Salesforce Child: I am usually thinking a lot about balance with colour and aiming to use colours beside eachother that really pop as I like my paintings to really saturate and almost burn the cornea. I want to make a painting someday that hurts so much to look at it for too long it makes you feel ill. 

Ok SFC, now to something totally different. In a parallel universe who would you be? and what would you be doing?
Salesforce Child: There are so many millions and thousands of me in many universes that are doing so many things. I think in a parallel universe I am a completely still body of water stretching out endlessly to a flat horizon, and there is nothing else around as far as the eye can see, as this is what I picture myself as the most in my minds eye, so it must be real somewhere.

What do you think people are really worshipping now?
Salesforce Child: Everyone is worshipping their own individual thing and they have no idea what it is as they likely don’t think about it.

If Salesforce Child had one final teaching for the end of the world, what would it be?
Salesforce Child: Freak the fuck out and panic sell everything now.
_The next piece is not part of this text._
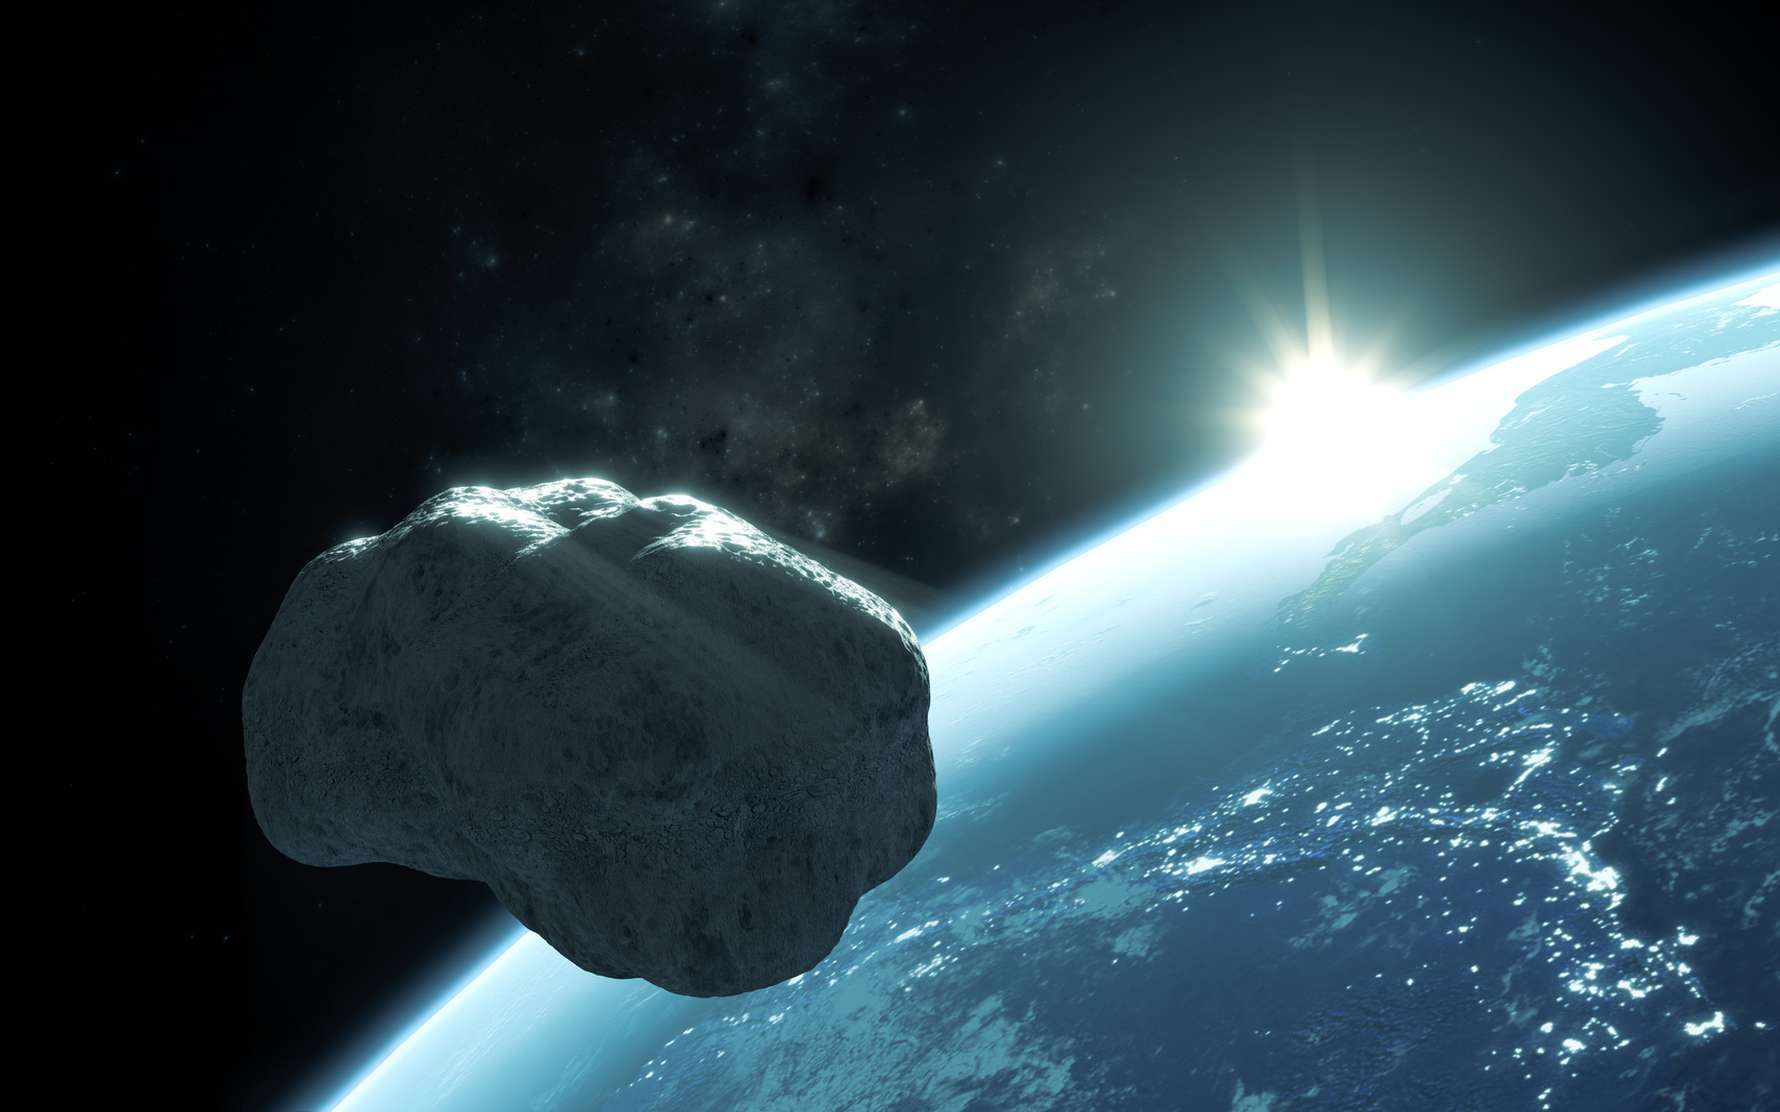 Cet astéroïde qui est passé près de la Terre est l'un des plus allongés

Outside of art, what’s something you’re obsessed with right now, maybe a hobby, a show, or even a food—that keeps you grounded or inspired?
Salesforce Child: Trying to spot bears in the area at all times and bringing binoculars with me everywhere I go in case I see one so I can get a closer look. I like to see other animals as well but it’s really about the bears for me. I saw a cinnamon bear last week and it was very exciting. I saw a very healthy looking black bear today running very fast. There is a nice fox I see often. A few months ago there was a moose curled up asleep in the backyard, but that’s more of a winter thing, you wouldn’t see that now. There is a great grey owl I see every day (and he is featured in the video piece I made for 5,000 more years) and I am happy about our relationship or lack of relationship cause he really DGAF about me and ignores me which is the best you can hope for with an owl. Spotting the creatures makes it all worth it. On the other hand it also feels very grounding and self esteem boosting to be at war with animals and to be in direct competition with them. Like I get a lot of deep feelings of satisfaction when I chase off a coyote or some horrible nasty deer who are trying to fuck with me and my life by destroying the garden. 
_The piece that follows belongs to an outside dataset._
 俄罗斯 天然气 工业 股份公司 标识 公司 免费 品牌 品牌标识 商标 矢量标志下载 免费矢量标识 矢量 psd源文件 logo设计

Can you tell me a story about a time when a connection with someone had a big impact on you?
Salesforce Child: Unfortunately I have never had a connection with another human being. 

What qualities do you find most important in the people you choose to spend time with?
Salesforce Child: It’s important that they don’t challenge my authority in any way, or push back on anything I say, as I’ll start crying immediately. 

What motivates you?
Salesforce Child: Fear and greed!

How would you describe a perfect day?
Salesforce Child: I am taken to the top of the Salesforce tower. I barricade myself in the tower and spray the security guards who would presumably try to remove me in the eyes with a fire extinguisher. I start hurling office chairs out the window and watch them explode on the ground below. All of the employees are trapped in there with me and as the sun goes down strange things start happening.

Alright SFC, I always ask these two questions at the end of an interview. The first is. What’s your favorite movie(s) and why?
Salesforce Child: The movie that I have seen the most times in my life is definitely Oceans Eleven as I watch this when I am sick or feeling bad in any way. I watch Oceans Eleven probably multiple times a year. I like to watch it because it is the most movie movie ever made and it’s relaxing atmosphere as everything goes according to plan. Does that make it my favourite movie? I don’t know. I forget what my real favourite movie is, you would probably get a different answer every day.

The second is. What song(s) are you currently listening to the most right now?
Salesforce Child: All of Slayyters WGIA which I have listened to in full almost every day since it came out and also all of the new Boards of Canada album which I have listened to every day since it came out as well.